Does it take infinite energy to create a perfect vacuum? Question is inspired by a recent burst of perpetuum mobile-type questions. It would be nice if one could simply discard them all (or at least the huge class that assumes some kind of perfect vacuum to eliminate friction) by an argument that shows it's impossible to create a perfect vacuum. Intuitively, I have some hope that there will be a thermodynamics/statistical mechanics argument that we can never even eliminate air friction completely, thereby ruling out all these elaborate constructions requiring specific arguments from the get-go. My question is therefore twofold:


*

*Does it take infinite energy to create a perfect vacuum (in a macroscopic box)?

*If yes, can you include a derivation? If no, can you give an explicit construction with a finite amount of work being done?

 A: The answer is no, or at least it is in the classical vacuum sense. I also don't see a rationale for why creating a vacuum would require infinite energy. 
An explicit construction is to use a solid-phase reactive chemical "getter" to eliminate (nearly) all gas molecules present; in experimental practice, virtually all man-made materials still outgas slightly, which means that for practical purposes a true vacuum is difficult to achieve. As an example, one of the highest vacuums made on Earth was at CERN, with a density of 1 molecule per $\text{cm}^3$. However, this inability to create perfect vacuum is a problem of material science, rather than a side effect of theoretical impossibility.
In interstellar space, vacuums can approach 1 molecule per liter, which for all practical intents and purposes is perfect vacuum.
A: Given an ideal piston/cylinder, starting with the piston completely inserted and zero volume, the work to make a perfect vacuum is simply:
(distance the piston moves) X (force) = (distance) X (area of the piston) X (exterior pressure).  
So the work to make a vacuum of volume V, is V X P, where P is the exterior pressure, such as atmospheric pressure.
However, all real materials have a vapor pressure unless they are at a temperature of absolute zero.  Molecules or atoms of the material of which the box is constructed will enter the vapor phase at all non-zero tempertures.

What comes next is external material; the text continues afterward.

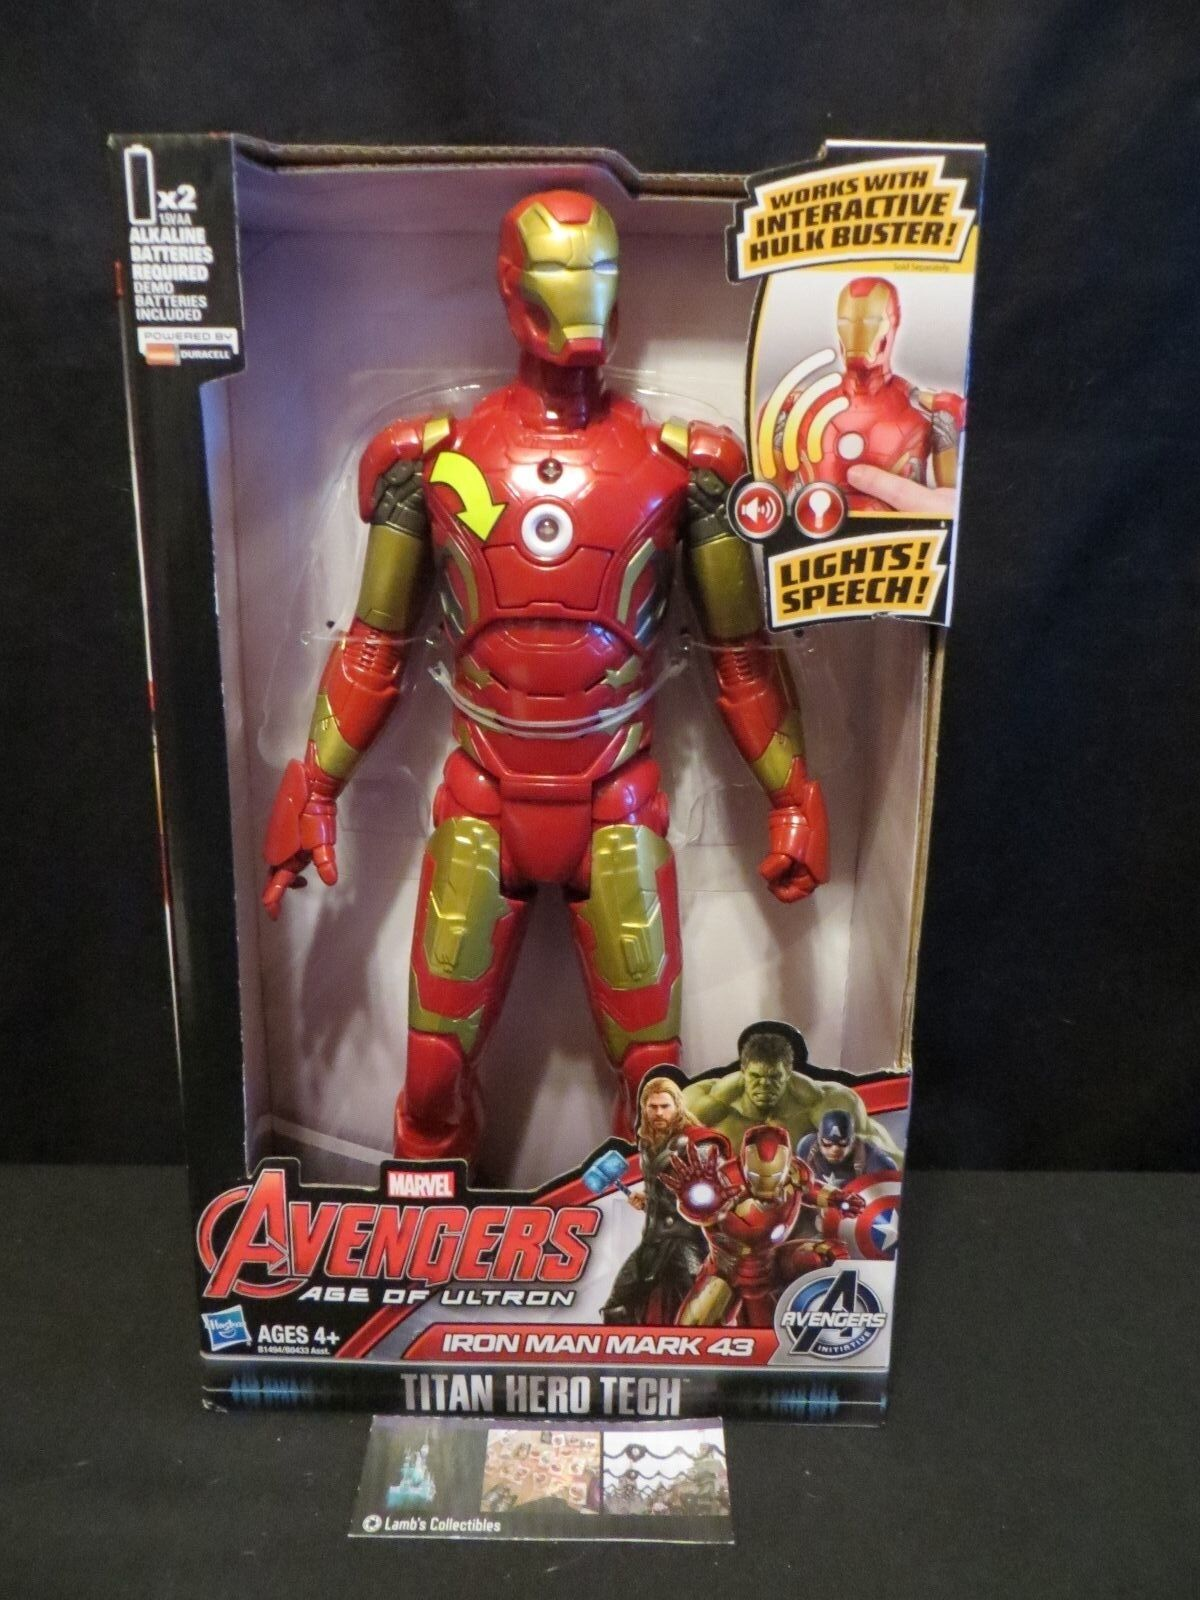 Iron Man Age of Ultron Avengers Titan Hero Tech Hasbro Action Figure

A perfect vacuum in a macrosopic box cannot be made because reaching absolute zero in a finite number of steps is contrary to the third law of thermodynamics.
A: In quantum scale, particles are appearing and disappearing out of random everywhere all the time, meaning that if you are actually able to create a perfect vacuum at a macro scale, it would be instantly denied by the quantum scale. Also, in the quantum world, there's a small chance of random "teleportation" of any particle or atom from your container to any place in the Universe, creating a whole that would allow other particles to come in the system. Or the other way around, randomly bringing particles or atoms into the system.
Even using infinite energy, a Three-dimensional container can not be able to create a perfect vacuum in our Universe.
A: Perfect vacuum can't be created. Even if you somehow get rid of all material particles, there still will be blackbody photons from the container, not to mention virtual gravitons.
Generally, you can't be 100% sure that some part of space is perfect vacuum - to know that you should measure precisely the energy of that region, but it's forbidden by Heisenberg's uncertainity principle: $\Delta E \Delta t \geq \hbar$ where $\Delta E$ is uncertainity of energy measurement. I'd say that making sure that something is perfect vacuum would take infinite time.
A: http://www.lhup.edu/~dsimanek/museum/unwork.htm 
 Perpetual motion machines
Take a UV-grade fused silica vessel with 1 cm walls, annealing point 1140 C. Heat it to 900 C under hard vacuum both sides (turbopump plus titanium sublimation pump) with electrodeless low pressure 184.9 nm Hg vapor UV flood to dissociate everything not silica.  Let that proceed for a few days, then flame off the connection.  Cool.  Cool in superfluid liquid helium. There's your "perfect" vacuum.  It still has zero-point energy (Casimir effect) plus thermal emission.
Here's a "perfect" perpetual motion machine of the Second Kind.  Why is it crap?
A hermetically isolated hard vacuum envelope contains two closely spaced but not touching, in-register and parallel, electrically conductive plates having micro-spiked inner surfaces.  They are connected with a wire, perhaps containing a dissipative load (small motor).  One plate has a large vacuum work function material inner surface (e.g., osmium at 5.93 eV).  The other plate has a small vacuum work function material inner surface (e.g., n-doped diamond "carbon nitride" at 0.1 eV).  Above 0 kelvin, spontaneous cold cathode emission runs the closed isolated system.  Emitted electrons continuously fall down the 5.8 volt potential gradient.  Evaporation from carbon nitride cools that plate.  Accelerated collision onto osmium warms that plate.  Round and round.  The plates never come into thermal equilibrium when electrically shorted.  The motor runs forever.